Ocracoke School.

Text and photos by Peter Vankevich

With the new school year underway, two new teachers have joined the Ocracoke School faculty.

Tori Liteschuh is the high school biology teacher replacing Louise Salerno. Liteschuh graduated from ECU in 2023 with a degree in biology.

Moving to Ocracoke in March 2023, she joined the staff of the After School program.

“I fell in love with the school from that experience,” she said.

Tori Liteschuh

But this summer, Hyde Schools lost its federal grant for the Hyde 21st Century Community Learning Center (CCLC), which since 2010 funded the after-school programs and other community enrichment.

When the science position opened, she applied and was hired.
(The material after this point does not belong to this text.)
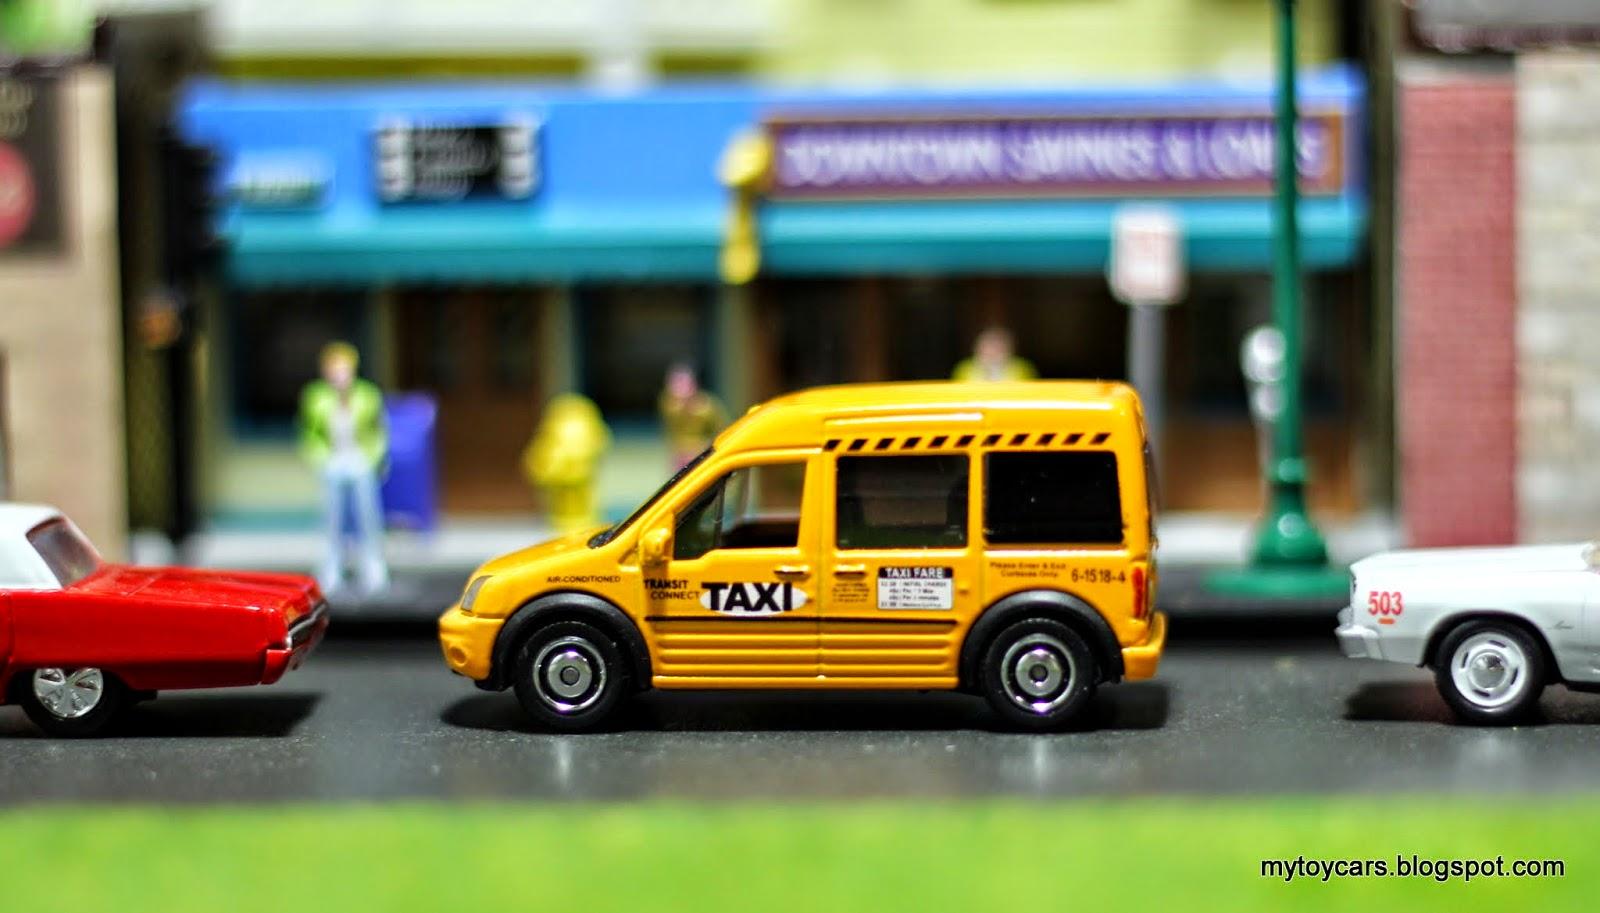 Mytoycars!: Matchbox and Johnny Lightning Taxis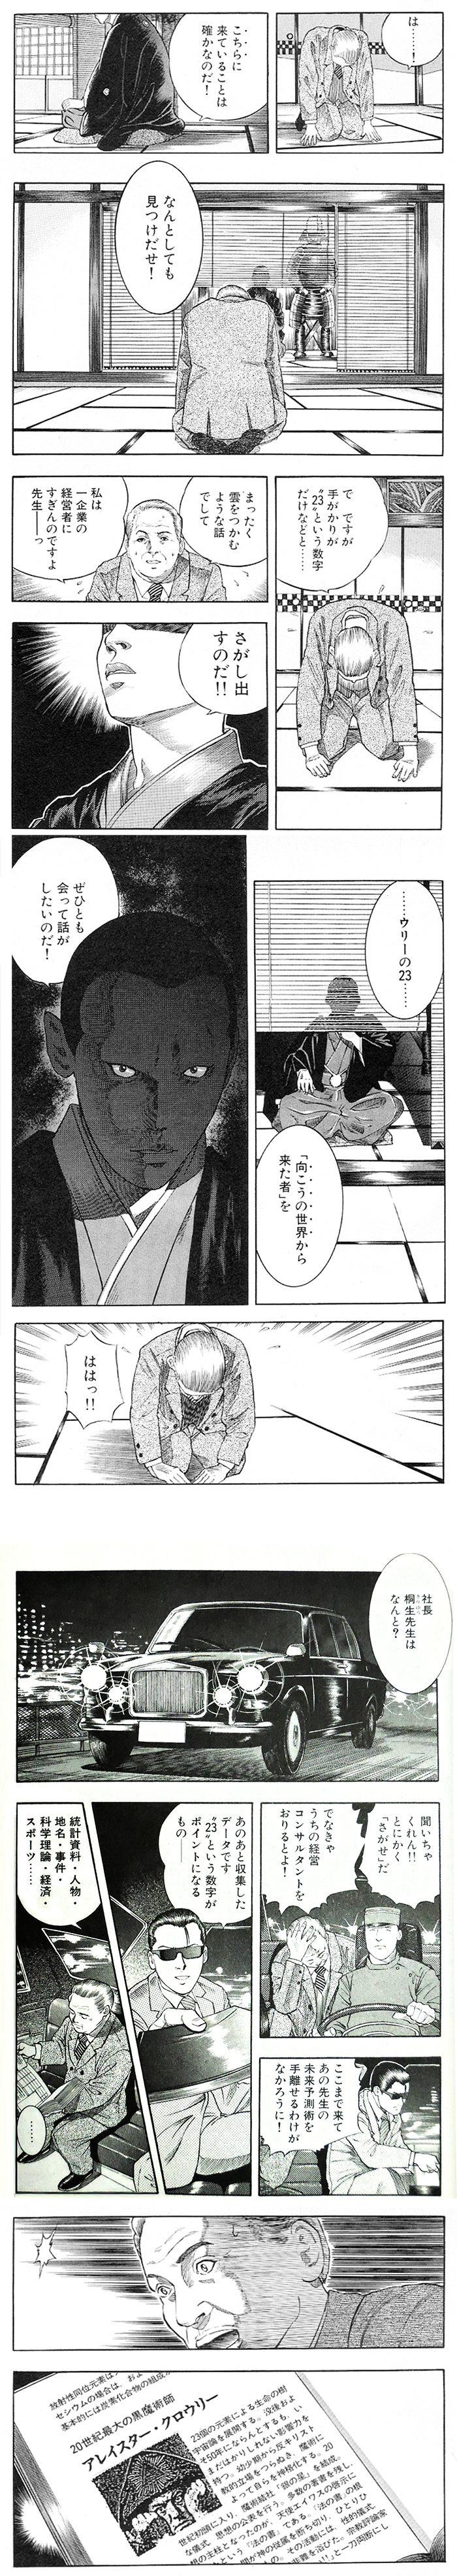 inugami7-02a

At the high school level, grades nine through 12, she will teach Intro to Biology, Biology and Earth and Environmental Science.

“Biology goes deep into genetics, DNA, animal and plant cells and I love to do labs with my classes,” she said.  

Earth and Environmental Sciences is learning about the earth and one’s environment.

“It includes physics labs, covers theories like Newton’s Cradle that demonstrates conservation of momentum and energy using a series of swinging spheres,” she said.

Her interest in life sciences goes back to her youth. “I love hunting and fishing. I love the outdoors,” she said.

Hailing from a small town that is about as far from Ocracoke and still in North Carolina, Sparta in Alleghany County, Maggie Murphy is the new K through 8 math and literacy specialist.

Even though the geographic distance between her hometown, located in the northwest part of the state, is long, there are similarities between the two communities.  Sparta has a population of about 1,800 residents. The school she attended and later taught at, a K through 8 level, is similar in size to Ocracoke School.

She is a graduate of Appalachian State University with a Bachelor of Arts degree in elementary education. She later went back and got a middle school add-on in language arts and social studies, and then a master’s in media and instructional technology.

After teaching elementary and middle school for 13 years, she decided that she wanted to help fellow teachers. She worked for Appalachian State and the New Teacher Support Program for two years. She then worked for a global education company, Participate Learning, whose mission is to unite the world through global learning, which is a catalyst for changing students’ lives.

Maggie Murphy

“After a while, I was missing the classroom so badly that I needed to get back to the kids,” she said.

Ocracoke School Principal Jeanie Owens happened to have a position open.

“And it fits exactly with what I love to do, which is reading and math and just working with as many different students as I can in a day,” she said. “I really enjoy this position and being a help to the teachers and students.”

She’s a teacher without a classroom.

“So, I help the classroom teachers by either going into their rooms or by pulling their students out to do a mini lesson or work on an activity,” she said.

Murphy said her family goes back on Ocracoke a long time ago, “like in the 1830s and ‘40s.” She said they found census records relating to a Simpson family here.

After living on the island for just one month, she already has an assessment.

“I love it here. I love the community. I love the feeling of it,” she said. “Everyone’s been so nice and welcoming. The students are all just unbelievably kind, well-mannered, and polite, and they’re just happy to be here.”

And that makes it, for her, a nice place to work.